Where for art thou Pluto?



So D4 and I were sitting in the kitchen yesterday afternoon doing homework. She was doing Earth Science and I was doing Biology.

Want to trade D4 said.

No I hate that stuff I said.

Oh you don't believe in this either She said.

Yeah, I believe in it I just don't understand how anyone could spend their life studying rocks.

Stop talking to me I said I am trying to do my homework.

You are the one who keeps talking to me D4 said.

AS IF...really does anyone even believe that?

A few quiet minutes go by...

Should I include Pluto as a planet D4 says.

What do you mean I say.

Well Pluto is not a planet anymore but it still says it is in my book She says.

Great Job Mount Sinai having books that are so old they include Pluto...

Why did they have to get rid of Pluto I say, a little too intensely.

It didn't meet the requirements for being a planet she says.

Who had the time and energy to set out to prove Pluto wasn't a planet, why couldn't they just let it be, its been a planet for ever why did they feel it was necessary to fire Pluto as a planet. How do you think Pluto feels right now? Being fired away from all its planet friends. What could it possibly have done to be fired from being a planet? I said

Well for one thing D4 says, it isn't big enough to meet the requirements for being a planet.

Oh really I say... do we go around firing midgets from the human race? because they aren't big enough? Seriously, we haven't fired Jupiter for being too big. Is this some kind of prejudice against the small minority planet?

Mom, she says, it also doesn't revolve the way a planet is supposed to. The planets are supposed to revolve around in a circle. Pluto has no direction, it goes in and out of the blah blah blah, something about a belt named Kuyper, I don't know I never took Earth Science.

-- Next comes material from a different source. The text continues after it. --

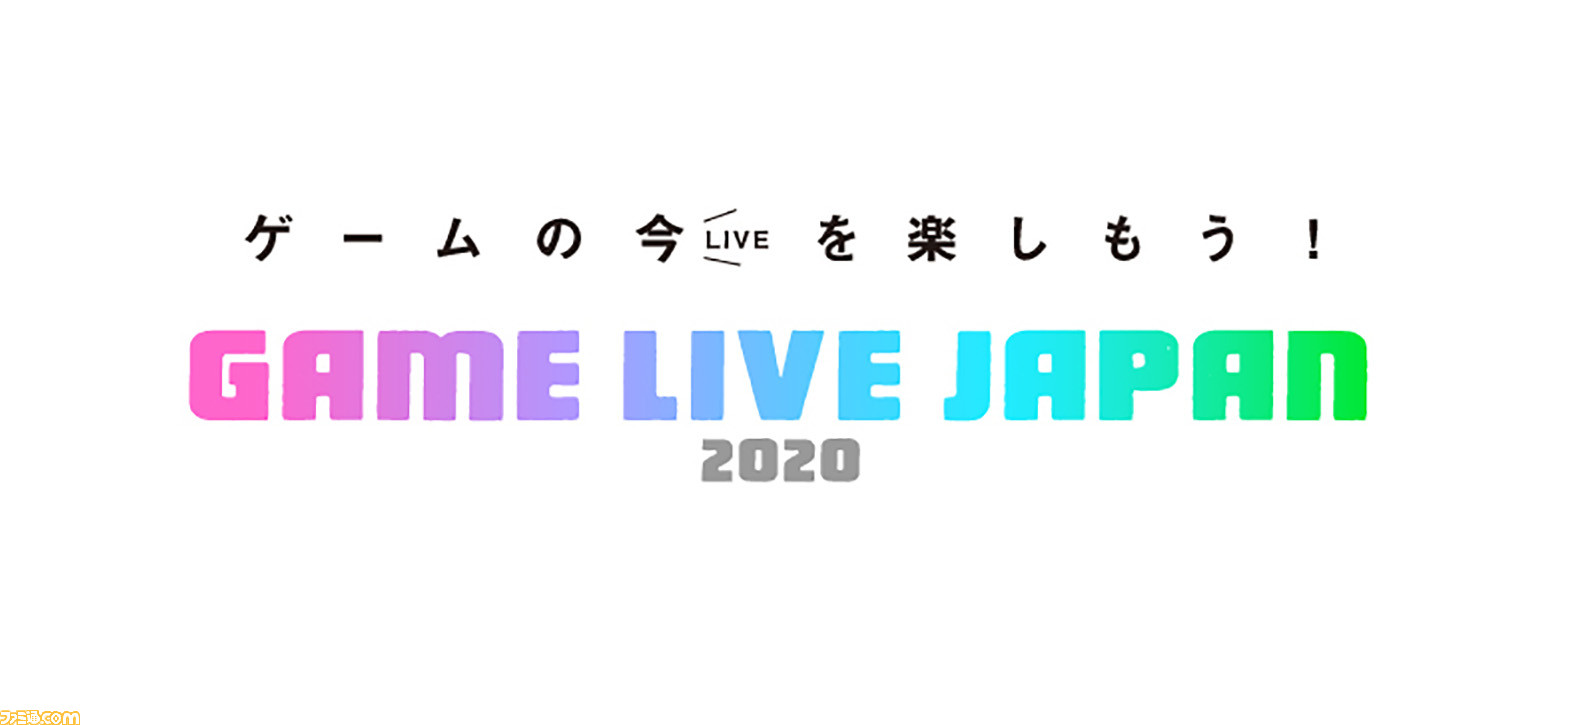 Game Live Japan スクープや新情報を発表するゲーム情報番組が9 25 27で配信決定 ファミ通 電撃でおなじみの声優 タレントに加え ガーリィレコード マヂカルラブリーが出演 ゲーム エンタメ最新情報のファミ通 Com

Oh so its a little off track, maybe it had too many drinks tonight after being told it was FIRED from being a planet. So it is stumbling around in the galaxy, lost and alone, all little and cute, maybe quite drunk and possibly getting lost and that's it? We don't care anymore? Pluto has been our planet for ever.

Do you remember when you first learned about Pluto?

My Very Educated Mother Just Served Us Nine Pickles.

What is our very educated mother going to serve us now? Nothing! My very educated mother just served us nothing. You want to fire Pluto, fine, now Neptune is nothing in the rhyme. So there.

The fact that billions of dollars was spent to prove Pluto isn't a planet anymore lead to some other disturbing thoughts.

What if they fire mars as a planet? will all the illegal martians come here looking for work?

What if the scientist find that Alaska is too big to be a state, and they have to make it its own country? would that disqualify Sarah Palin from running for President again because technically she wouldn't be an American?

What if Pluto goes on to be something great and wonderful like the Wizard of Oz, will we want it back then and try to convince it that it can rule the world?

What if Pluto gets some of its previously fired friends from the Universe, forms a Galaxial Gang and comes back to get us with sawed off stars that shoot fiery rays and really cool weapons that they found after they got lost in the atmosphere when the Star Trek guys were out there?

Yeah these are the things that keep me up nights, or at least keep me from doing my homework.

Couldn't Pluto have been given a warning? Stay in line and beef it up or you're fired.

I think that would have been far more fair than what happened to our friend Pluto.

for gods sake, there is a Disney character named after Pluto. At least he will be forever in our hearts as we see that adorable dog of Mickey and Minnie running through the world, like nothing matters, lets hope some scientists don't get it into their head to fire Pluto, the Disney dog, because he doesn't stand up right like
Goofy.




and why can Goofy talk, but not Pluto? They are both dogs... has this been some kind of sick conspiracy against Pluto all along? What is going on here?

Oh Pluto, I will always think of you as a planet, just like I always call Rite Aid, Genovese or the shopping center over in Selden, The Hills Shopping Center. I will always call the DVD player a VCR and an Ipod a Walkman. I never forget the things that were here before.

That is probably what is clogging my brain from memorizing bacteria.

Low disc space

2 comments:

Anonymous said...

disk space? haha i bet you still wish you could save things on floppy disks.

Anonymous said...

"My very excellent mother just served us nuts"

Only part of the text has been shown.